A San Antonio retirement doesn’t look the same to everyone.
More and more people are deciding to work in retirement – finding new full-time work, taking on a part-time job or opening their own business as opposed to dedicating their Golden Years to golf, grandchildren and travel.
For many people, this can be a wise and life-affirming choice. It’s a chance to continue learning, growing and, for some, building a business. However, whether you own a business and don’t plan to retire from it at the conventional retirement age or want to start a business after retiring from a “regular” job, working later in life can affect many areas in your financial life.
There are 4 important considerations to weigh before making the decision.
Your Social Security Benefits
Many people who work during retirement receive Social Security benefits at the same time. Continuing to work has many potential effects on your Social Security benefits, though, including the amount you’ll receive and your taxes.
Here’s a brief rundown:
You can work and receive Social Security retirement benefits at the same time. However, if you take these benefits early (before your full retirement age) and make too much according to the Social Security Administration (SSA), the amount you receive will be reduced. The SSA will deduct $1 from your benefit payments for every $2 you make above the 2020 limit of $18,240. In the year you reach your full retirement age, the SSA deducts $1 in benefits for every $3 you earn above the limit of $46,600. Once you reach your full retirement age, these deductions will stop.
On the flip side, the SSA bases your Social Security benefits on your 35 highest earning years. If you earn more in your “retirement” than you did before it, these years could increase your overall benefits going forward.
Don’t think that your Social Security benefits won’t be subject to taxes! It’s a common assumption, but incorrect. If your combined earnings and Social Security benefits rise above a certain level, the benefits become subject to tax. (Combined earnings include wages, pensions, investment withdrawals, interest, dividends and capital gains.)
If you are married and filing jointly, and your combined earnings fall between $32,000 and $44,000, 50 percent of your Social Security benefits may be subject to tax for 2020. If your earnings rise above $44,000, 85 percent of your Social Security benefits are subject to tax.
Your Social Security benefits can be complicated. Here are 4 other facts you may not know.
Your Healthcare Insurance Provider
If your employer is defined as having a small insurance plan (fewer than 20 people), they can legally require you to go on Medicare once you turn 65, rather than remaining in their plan.
Medicare enrollment is automatic at the age of 65 if you’re already drawing Social Security benefits. If you’re not taking benefits at the time you turn 65, you need to enroll in Medicare at least three months before you turn 65 (whether you plan to draw Social Security at that age or not).
Your Required Minimum Distributions
People are required to begin taking Required Minimum Distributions (RMDs) from their tax-advantaged retirement accounts, such as IRAs and 401(k)s, at the age of 72 or face a steep tax penalty on the funds. (The mandated age used to be 70-½, and if you turned 70-½ in 2019 or earlier, you need to be taking RMDs or face the tax penalty.)
There are only two exceptions to this rule.
- Roth IRAs and Roth 401(k)s are not subject to RMDs.
- Most companies do not require you to take RMDs from a 401(k) plan in a company you are still employed by.
Other than these two exceptions, working during retirement does not affect the RMD mandate. You will need to factor RMDs into your total income for tax purposes once you reach the required age. This extra income could put you in a higher tax bracket. Because of this, some retirees choose to donate their RMD to charity. For more on what this looks like, read our recent blog post: Seniors: Here’s a Tip to Lower Taxes while Giving to Charity.

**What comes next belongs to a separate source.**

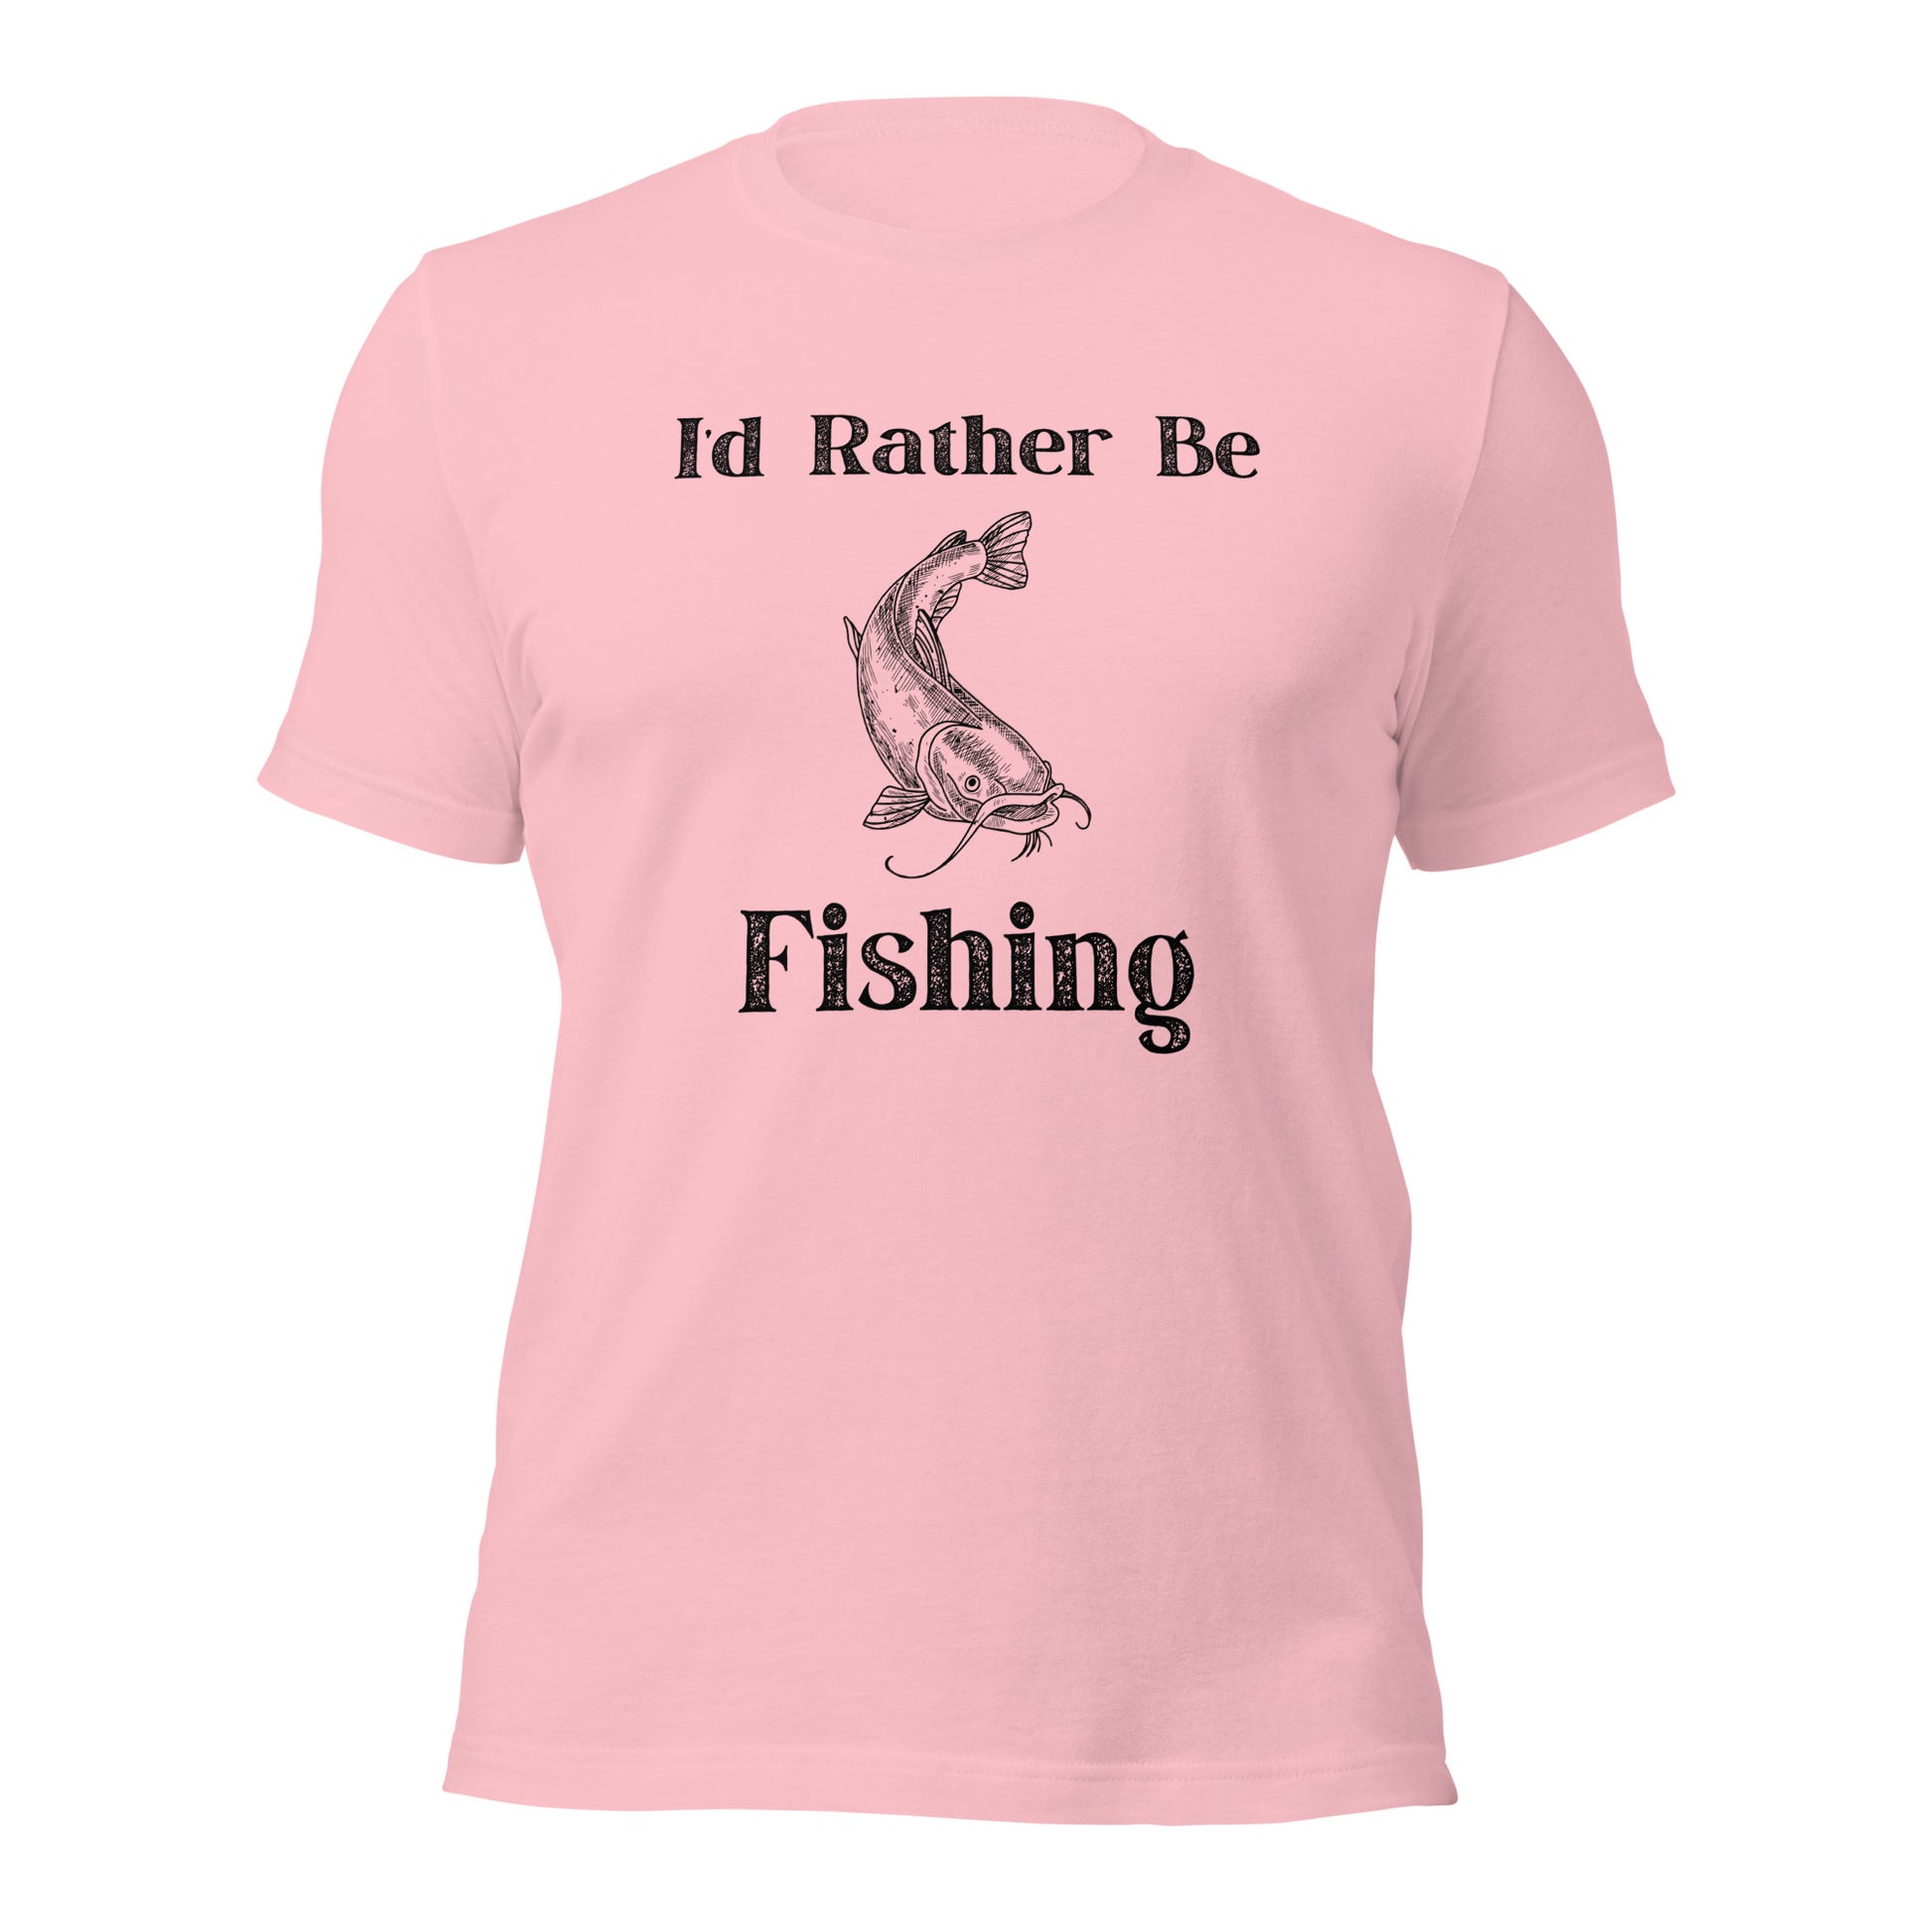 Unique gift idea: "I'd Rather Be Fishing" shirt for anglers.

Your Retirement Contributions
If you plan to work during retirement, you may be wondering if you can still contribute to tax-advantaged retirement plans like IRAs and 401(k)s. Many people would like to, especially as rising life expectancy means that people can live to 100 and beyond – years in which they will likely need retirement income.
The truth is you can only contribute to certain types of retirement funds.
If you’re still working at a company that offers a 401(k), you can contribute as long as you’re employed there.
There is no age limit on contributing to Roth IRAs. Your ability to contribute to a Traditional IRA, however, ends when you begin taking RMDs.
Self-employed individuals can contribute to Solo 401(k)s or Simplified Employee Pension (SEP) IRAs. However, you will also have to take RMDs from these accounts when the time comes.
The Bottom Line
Deciding how to structure your day in retirement may be exciting. But financially planning for retirement can be complex and confusing. Assumptions are dangerous. A seemingly simple decision, like getting a part-time job to help with expenses in retirement, can have a big impact – and may not be as helpful as you thought in the long-run.
Discuss your plans for retirement with a financial advisor and make sure you understand your options. Business owners have additional concerns. A simple conversation can go a long way.